After years on the Medicaid customer-service line, these are the questions I heard every single day. Here are straight answers.
What is a Medicaid 'spend-down'?
If your income is over your state's Medicaid limit, you may still qualify by 'spending down' — subtracting your out-of-pocket medical expenses until you fall under the limit. You'll typically need to submit receipts each month or quarter to your state's Medicaid office. This is sometimes called the Medically Needy program.
Why was my service denied for 'no prior authorization'?
Many Medicaid services — imaging, certain medications, DME, non-emergency transport — need approval BEFORE the appointment. If your provider didn't get it, the denial can usually be fixed retroactively if it was medically necessary. Ask the provider's billing office to file a retro-auth request, then appeal in writing if denied.
Managed Care vs. Fee-for-Service — what's the difference?
Most Medicaid patients are in a Managed Care Organization (MCO) — a private plan (Molina, Anthem, UnitedHealthcare Community Plan, etc.) that handles your benefits. You must use that plan's network and call THEIR member services, not the state. Fee-for-Service ('straight Medicaid') means the state pays providers directly.
I have Medicare AND Medicaid — who pays first?

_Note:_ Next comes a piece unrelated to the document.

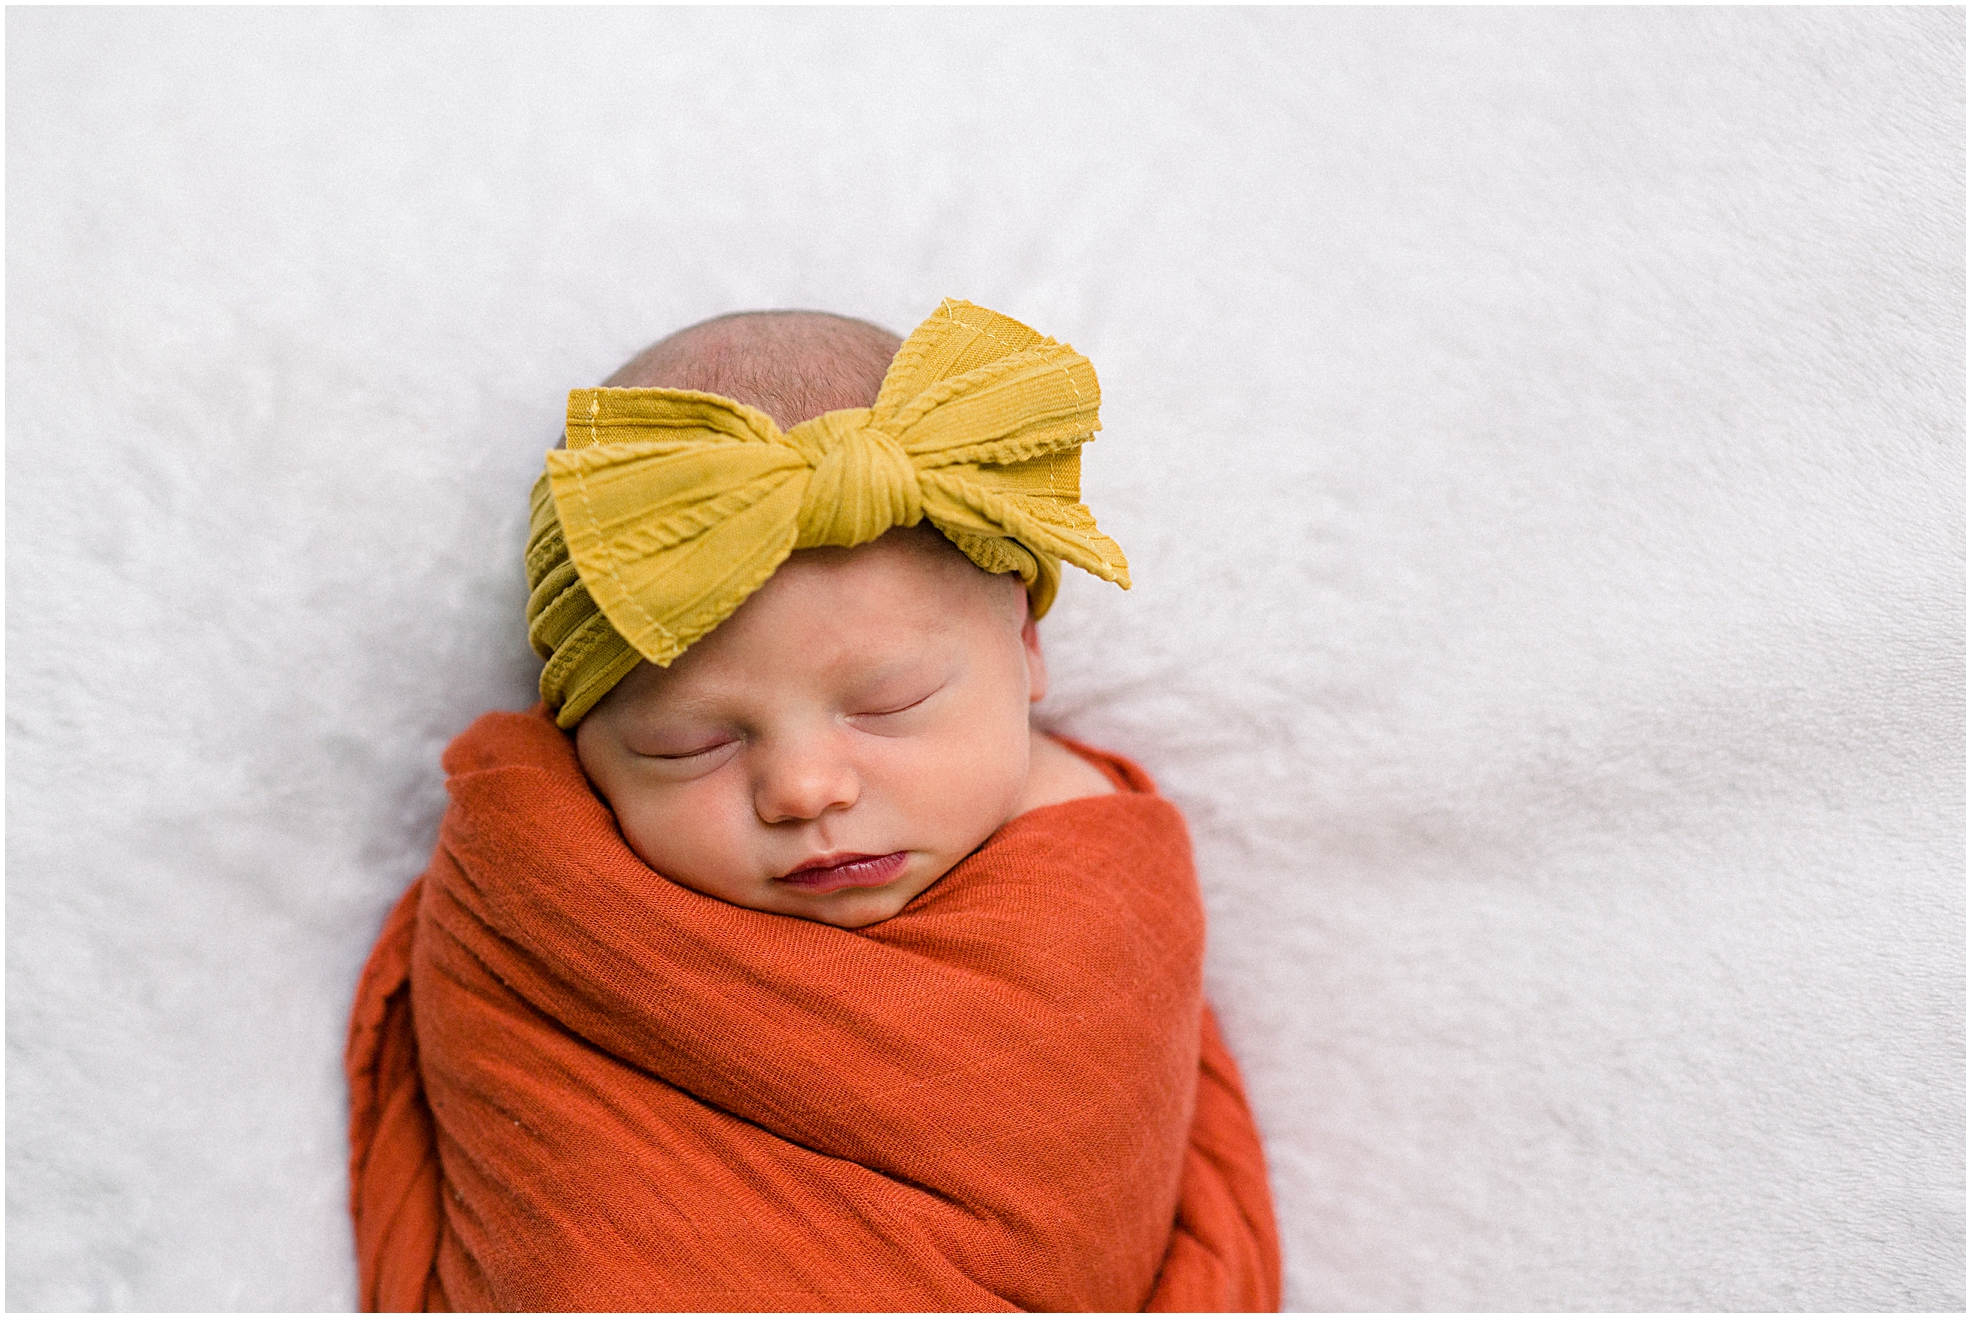 Newborn photography in Newnan, Georgia.

Medicare always pays first. Medicaid is the payer of last resort and covers what Medicare doesn't (deductibles, coinsurance, some services Medicare excludes like long-term care). If you're being billed for a Medicare copay and you're a QMB (Qualified Medicare Beneficiary), federal law forbids the provider from billing you — it's called QMB balance billing protection.
Can Medicaid take my house? (Estate Recovery)
For long-term care benefits (nursing home, HCBS waiver) received after age 55, states are required to attempt recovery from your estate after death. They can NOT take it while you or a surviving spouse, minor, or disabled child lives there. Hardship waivers exist. This does NOT apply to regular Medicaid medical claims.
I just lost Medicaid — what now?
You have a 90-day reconsideration period in most states to submit missing paperwork without reapplying. You also qualify for a Special Enrollment Period to get an ACA Marketplace plan (60 days from loss). If you lost it for procedural reasons (didn't return the renewal packet), call your state Medicaid office TODAY — it's often a quick fix.
How do I appeal a Medicaid denial?
You have the right to a Fair Hearing — usually within 90 days of the denial notice. Request it in writing. If you appeal within 10 days, your benefits often continue during the hearing. You can bring a witness, a provider letter, and represent yourself or use free legal aid.